From the line that contains "Aquecedor de piscina" through the last line of the data, copy everything exactly and nothing else, omitting the pictures.
──────── Data block ────────
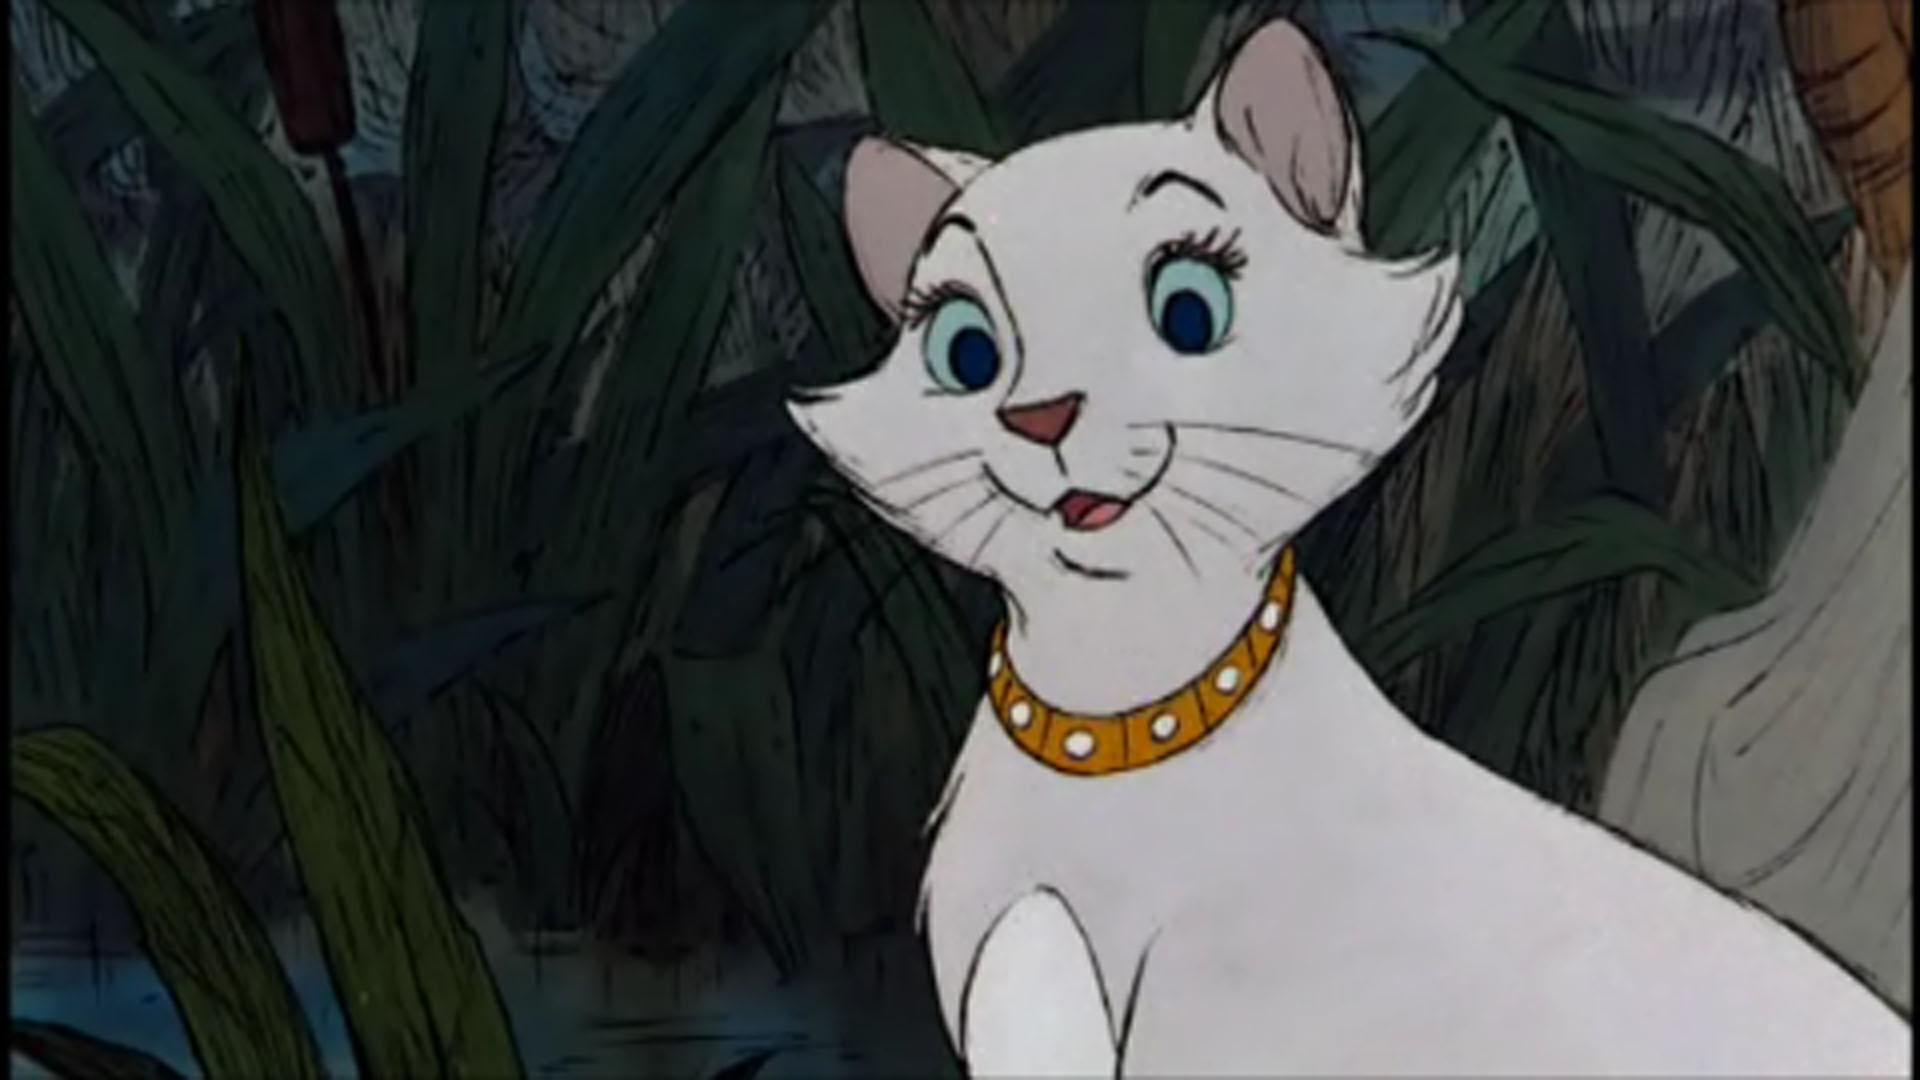 Duchess (character) | Nuemek Movie Wikia | FANDOM powered ...
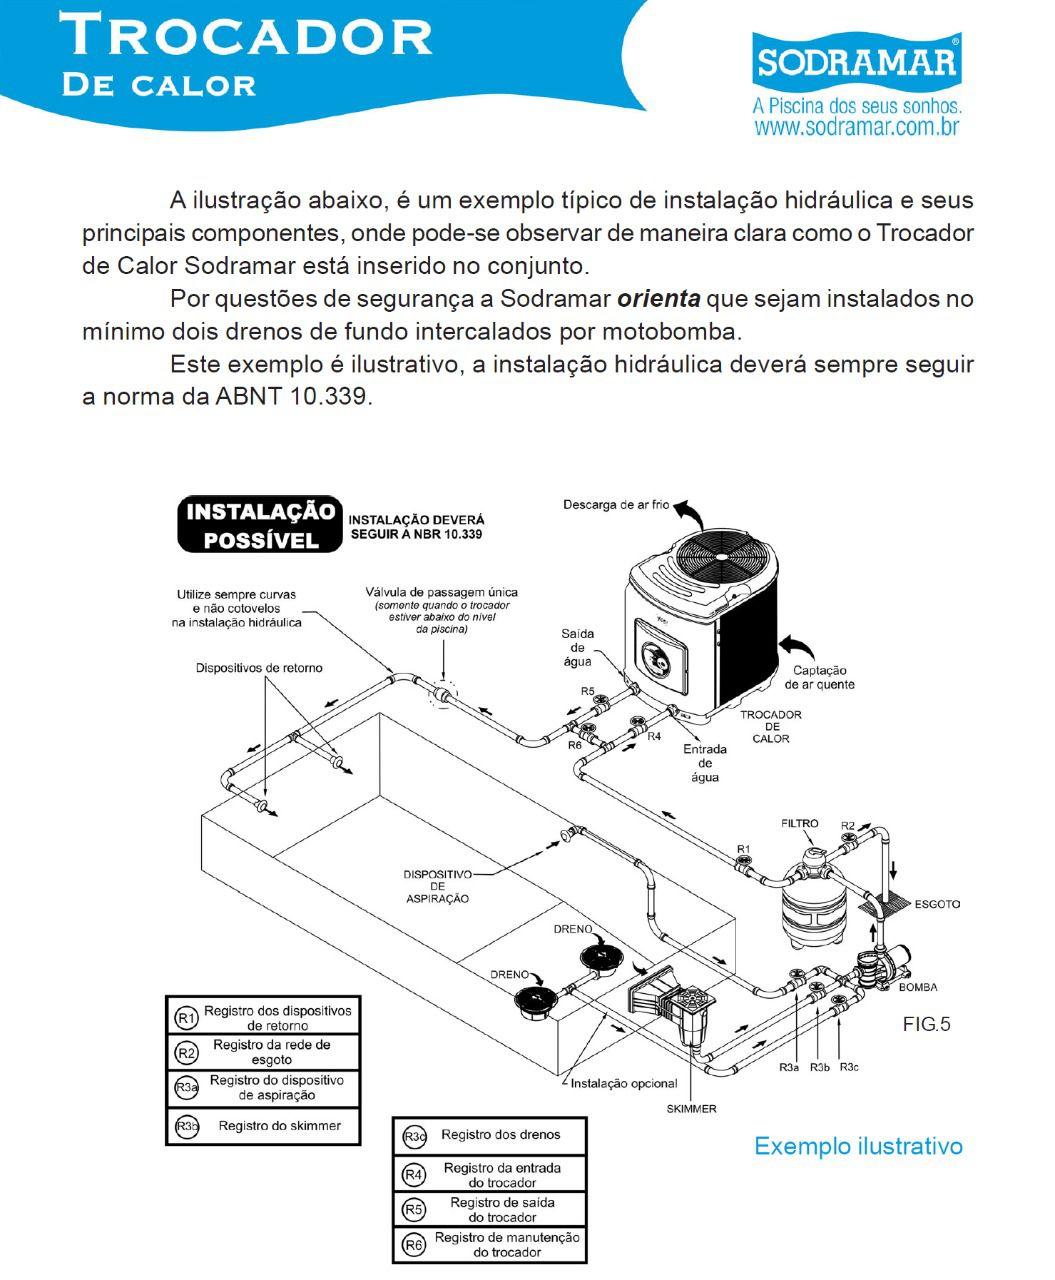 Aquecedor de piscina Yes - Trocador de Calor SD-60 Trif 380V
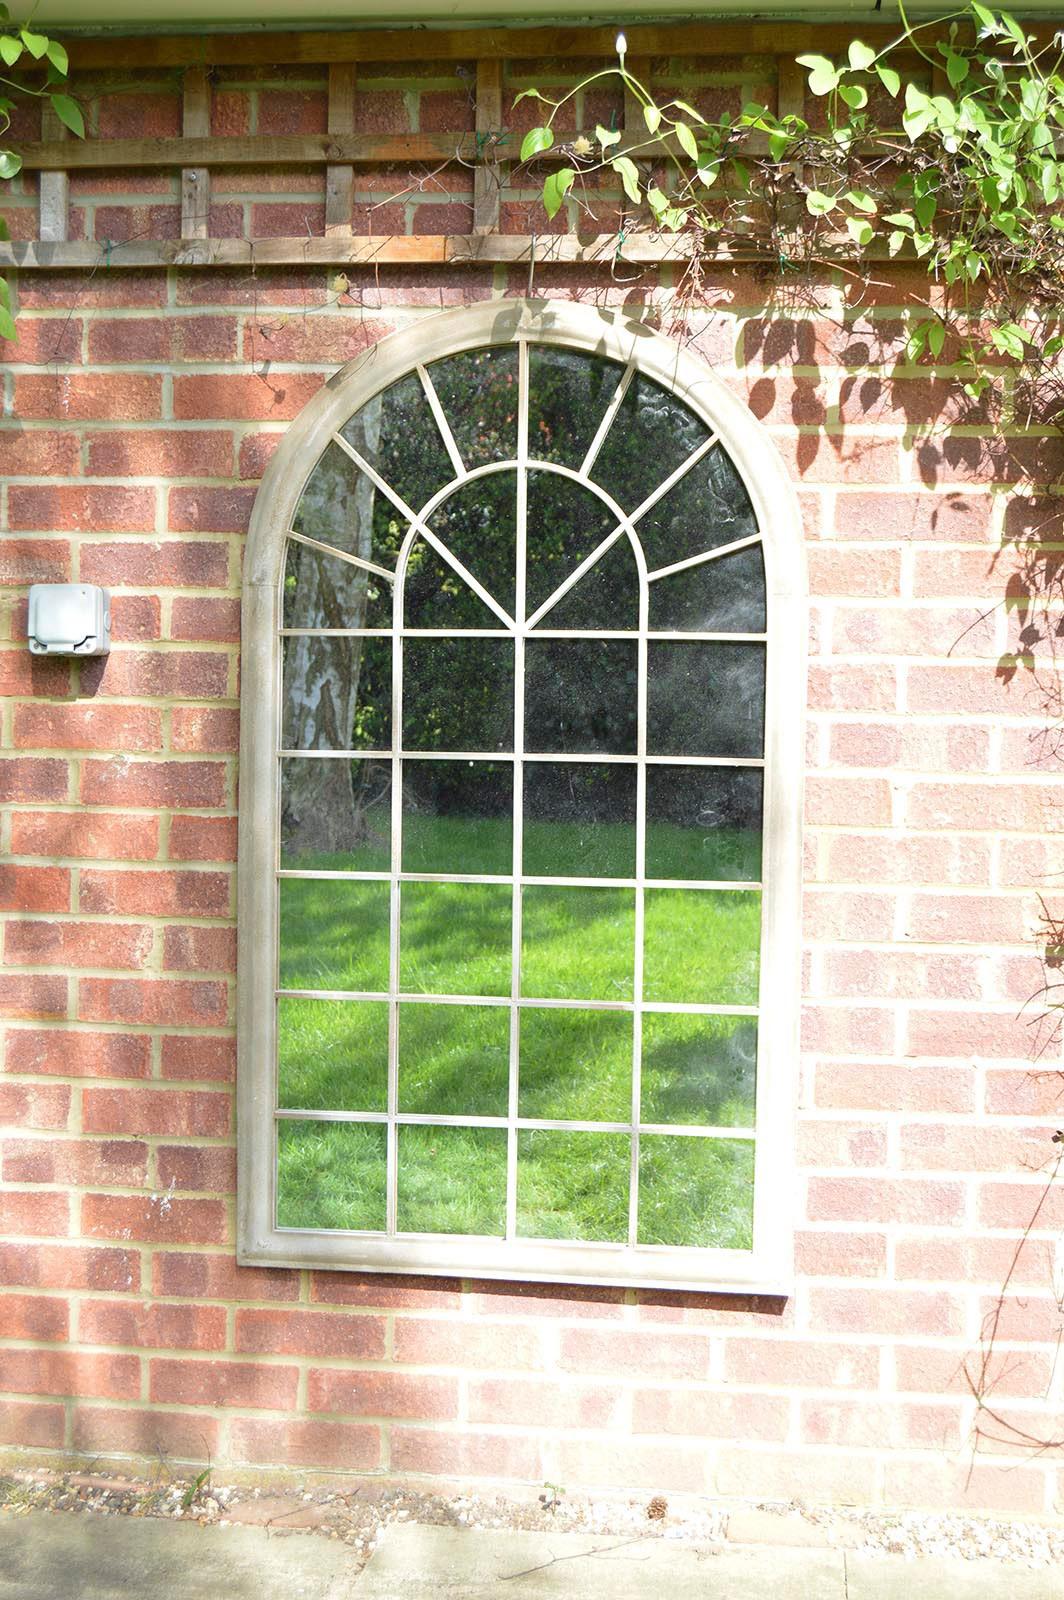 Outdoor Arch Top Stone Effect Garden Mirror 4ft3 X 2ft6
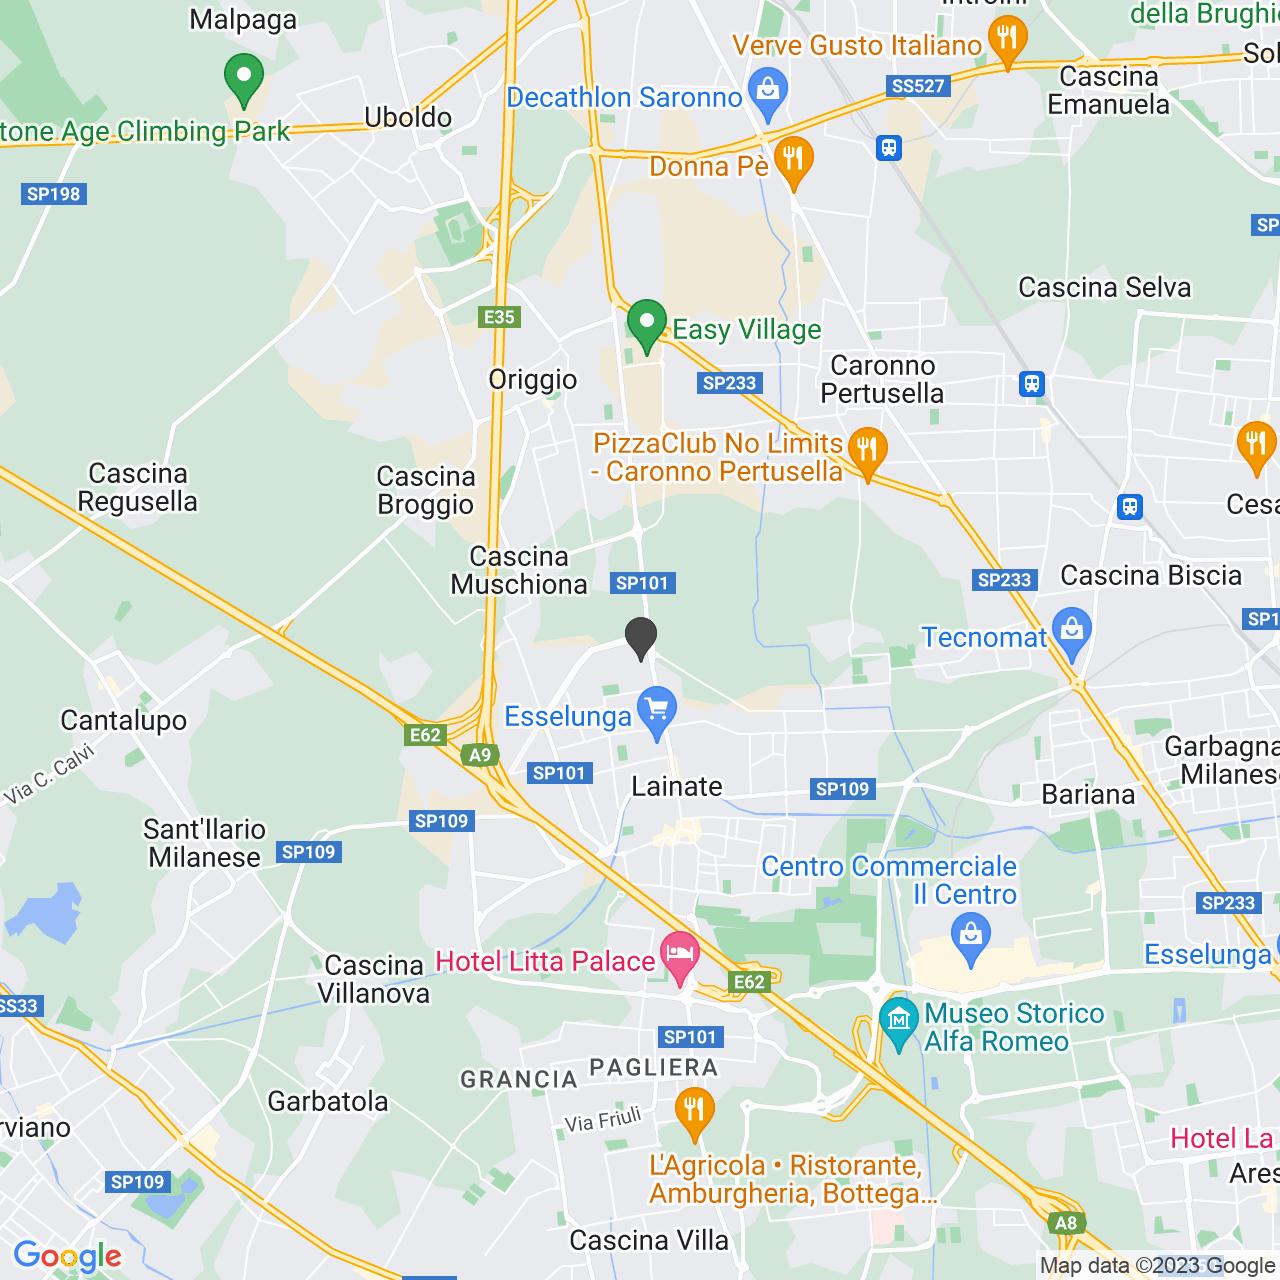 MISSIONE EVANGELICA PER L'ITALIA
────────
> **Task answer**
 Aquecedor de piscina Yes - Trocador de Calor SD-60 Trif 380V
 Outdoor Arch Top Stone Effect Garden Mirror 4ft3 X 2ft6
 MISSIONE EVANGELICA PER L'ITALIA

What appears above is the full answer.